14.4. Standard Interfaces

The whole point of a middleware such as MCOP is to make objects talk to each other to fulfill their task. The following are some of the interfaces that are the most important to get started.

14.4.1. The SimpleSoundServer Interface

The SimpleSoundServer interface is the interface that the KDE soundserver artsd provides when running. To connect to it, you can simply use the following lines:

   2 SimpleSoundServer server(
   3     Reference("global:Arts_SimpleSoundServer"));
   5 if(server.isNull()) { /* error handling */ }

Make sure not to access functions of the server after you find out isNull() is true.
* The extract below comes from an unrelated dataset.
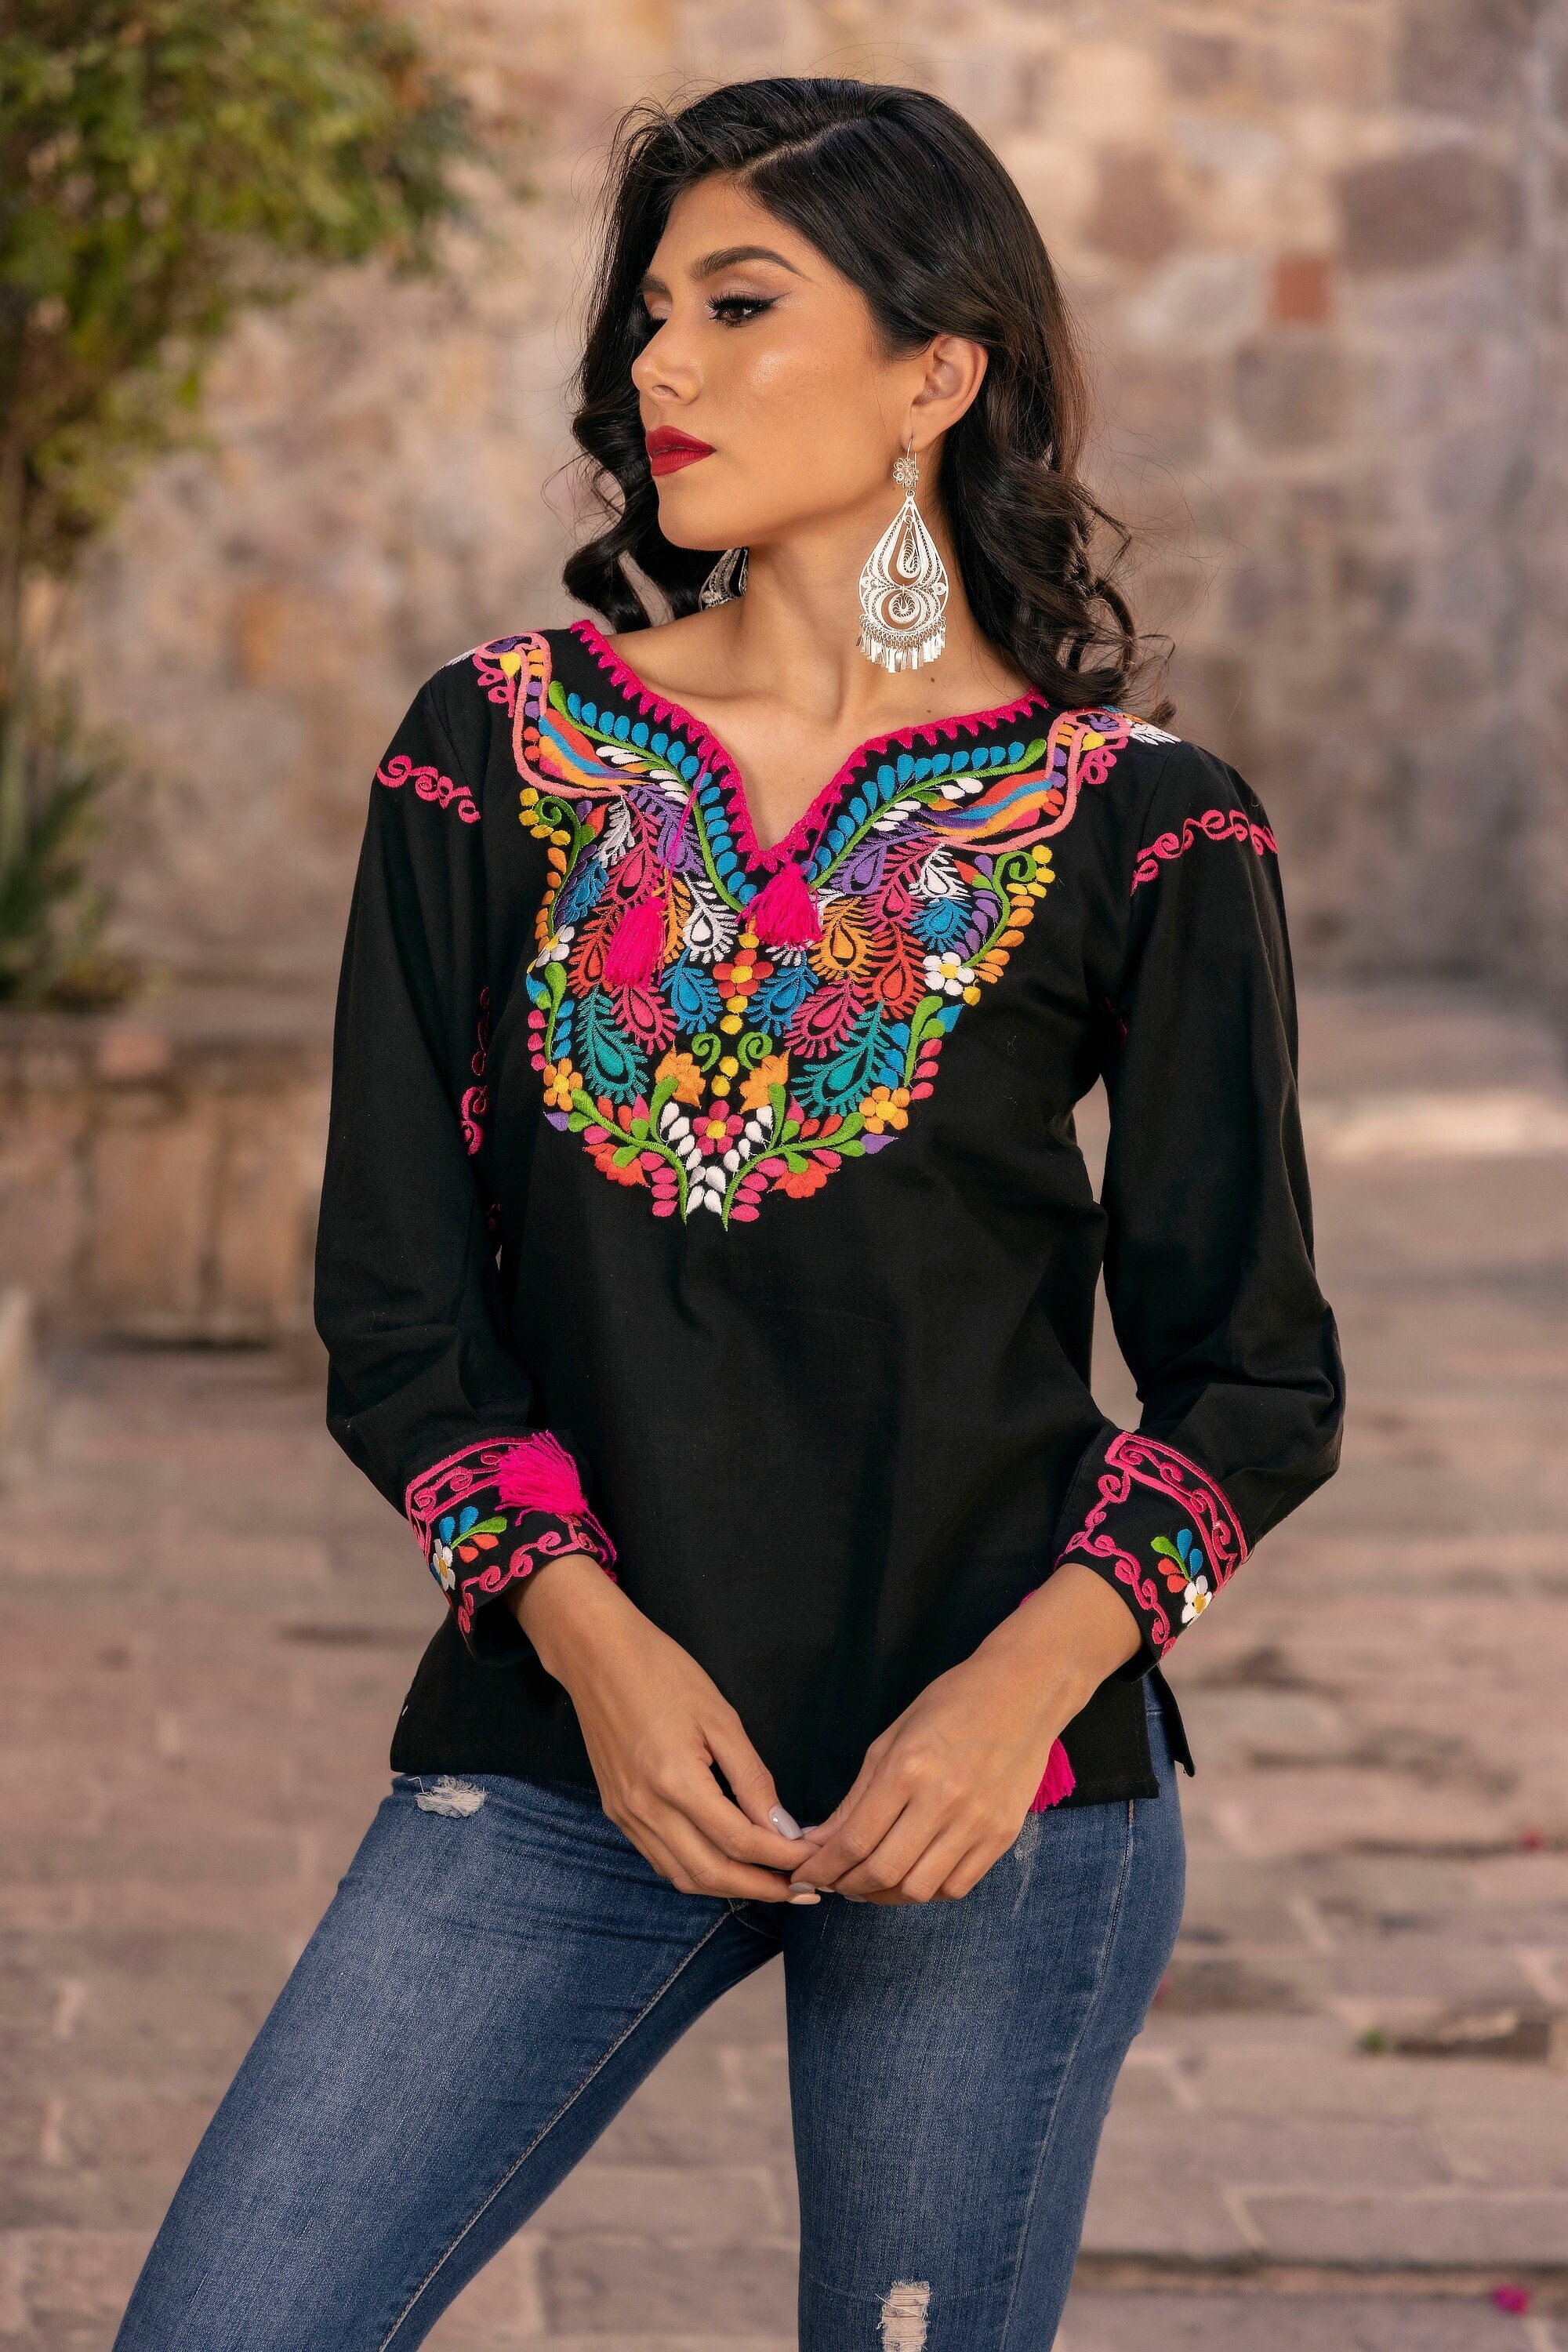 Embroidered Tops for Women Summer Boho Choth Mexican Bohemian Peasant Tops  Loose 3/4 Sleeves Shirts Blouse Top

So what does it offer? First, it offers the most basic command, playing some file (which may be .wav or any other format aRts can understand), with the simple method:

   2 long play(string filename);

Therefore, in a few lines, you can write a client that plays wave files. If you already have a SimpleSoundServer called server, its just

   2 server.play("/var/share/sounds/asound.wav");


It is necessary here to pass a full path, because it is very likely that your program doesn't have the same working directory as artsd. Thus, calling play with an unqualified name will mostly fail. For instance, if you are in /var/share/sounds and artsd is in /home/kde2, if you write play ("asound.wav"), the server would try to play /home/kde2/asound.wav.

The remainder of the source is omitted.